Design: Prospective longitudinal study.
Setting: Community level hospital in the city of
Kochi, Kerala.
Participants and interventions: All consecutive
newborns between June 2006 and February 2009 were prospectively screened
for CHD, 48 hours after birth. The on-site pediatrician performed
clinical screening. A study nurse recorded pulse oximetry in a lower
extremity; value of <94% was defined as abnormal. Echocardiography was
performed on site by a trained research officer. A 6-week clinical
follow-up evaluation was done for all.
Main outcome measure: Detection of CHD by
echocardiography.
Results: Of 5487 babies screened, 425 (7.75%) had
CHD. 17 (0.31%) had major CHD, two of whom (one ALCAPA and one large VSD)

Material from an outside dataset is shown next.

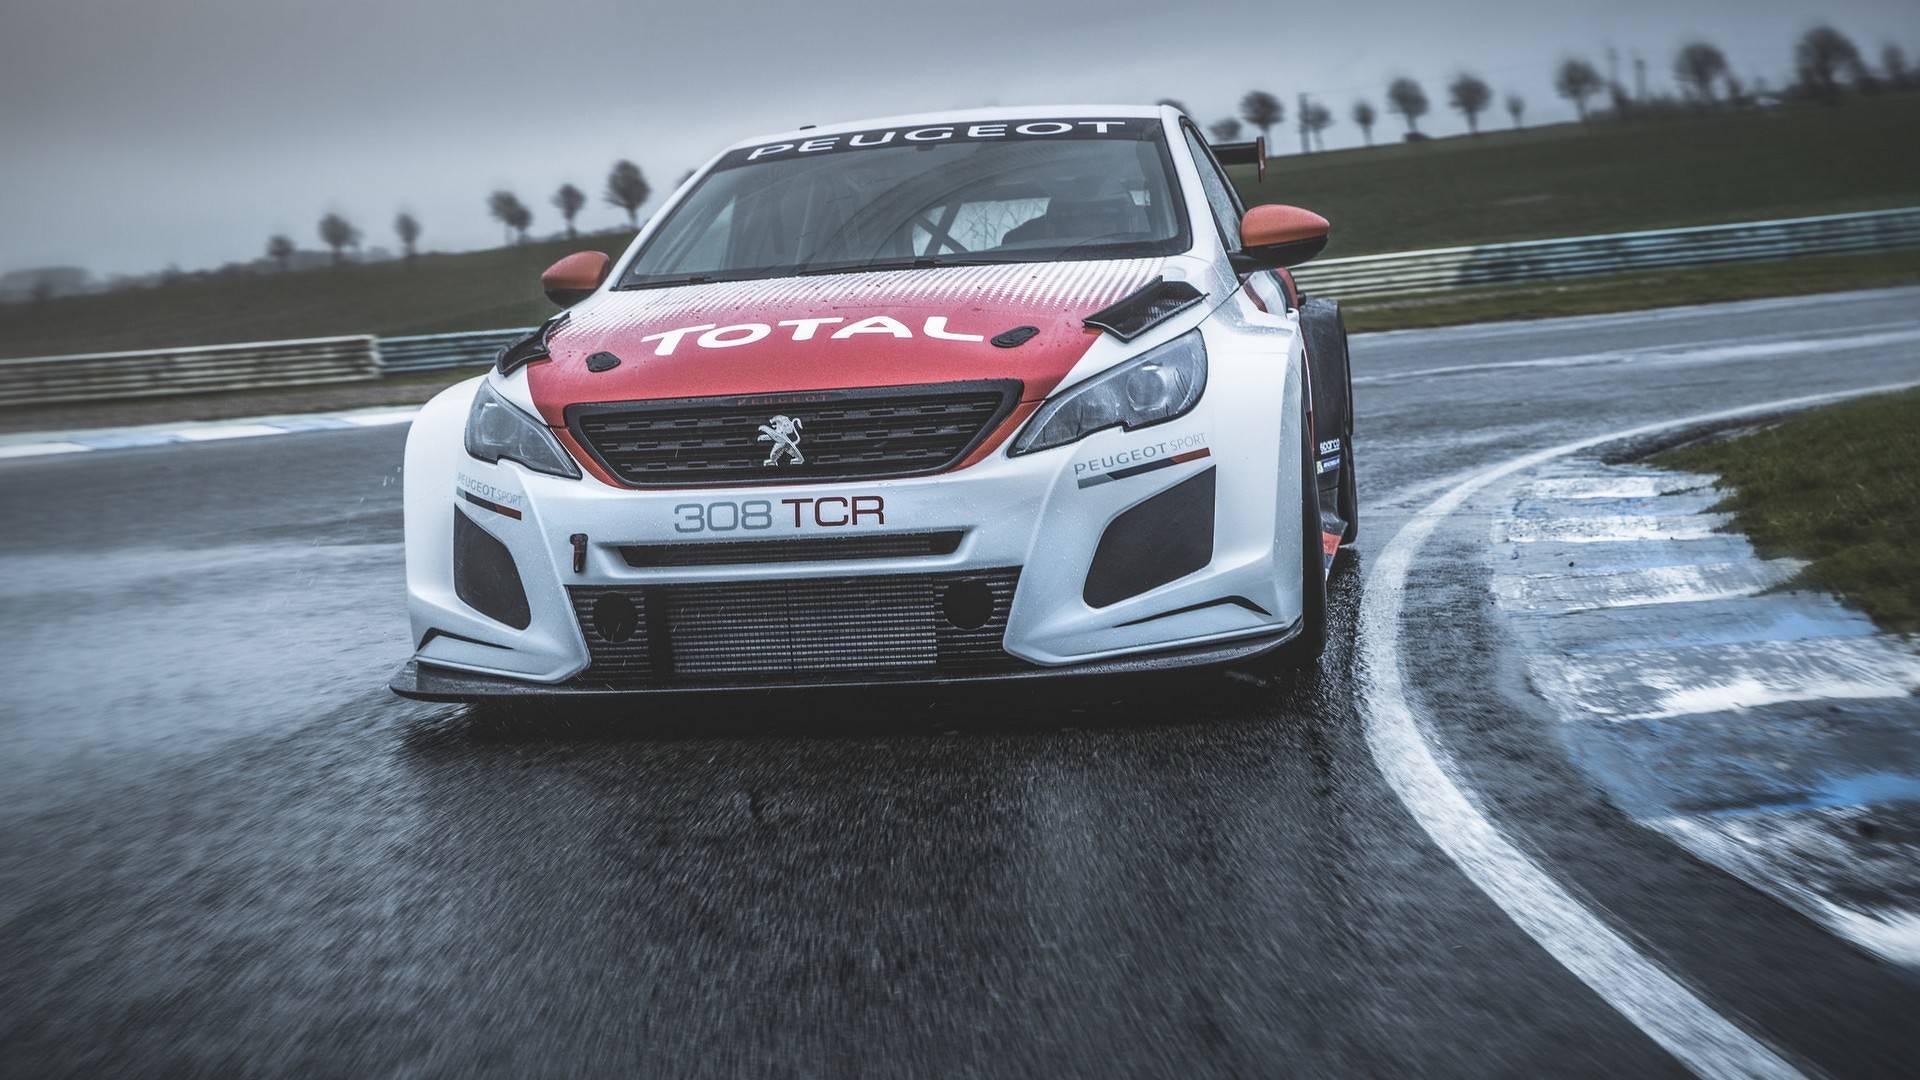 Peugeot 308 TCR 2018 (4)

were missed during the initial evaluation. The rest were minor CHD (408
patients, 7.44%), most of which normalized by 6 weeks. On multivariate
analysis, murmur, central cyanosis, abnormal precordial pulsations and
abnormal pulse oximetry emerged as significant predictors of CHD. The
sensitivity of clinical evaluation and pulse oximetry combined was 19%
for all CHDs and 20% for major CHD; specificity was 88%.
Conclusions: In the community setting of a
developing country, clinical evaluation and pulse oximetry after birth
had a very low sensitivity for detection of CHD. Though an abnormal
screening warrants prompt echocardiography, a 6-week clinical evaluation
is recommended to ensure that major CHD is not missed.
Key words: Congenital heart disease, India, Newborn, Pulse
oximetry, Screening.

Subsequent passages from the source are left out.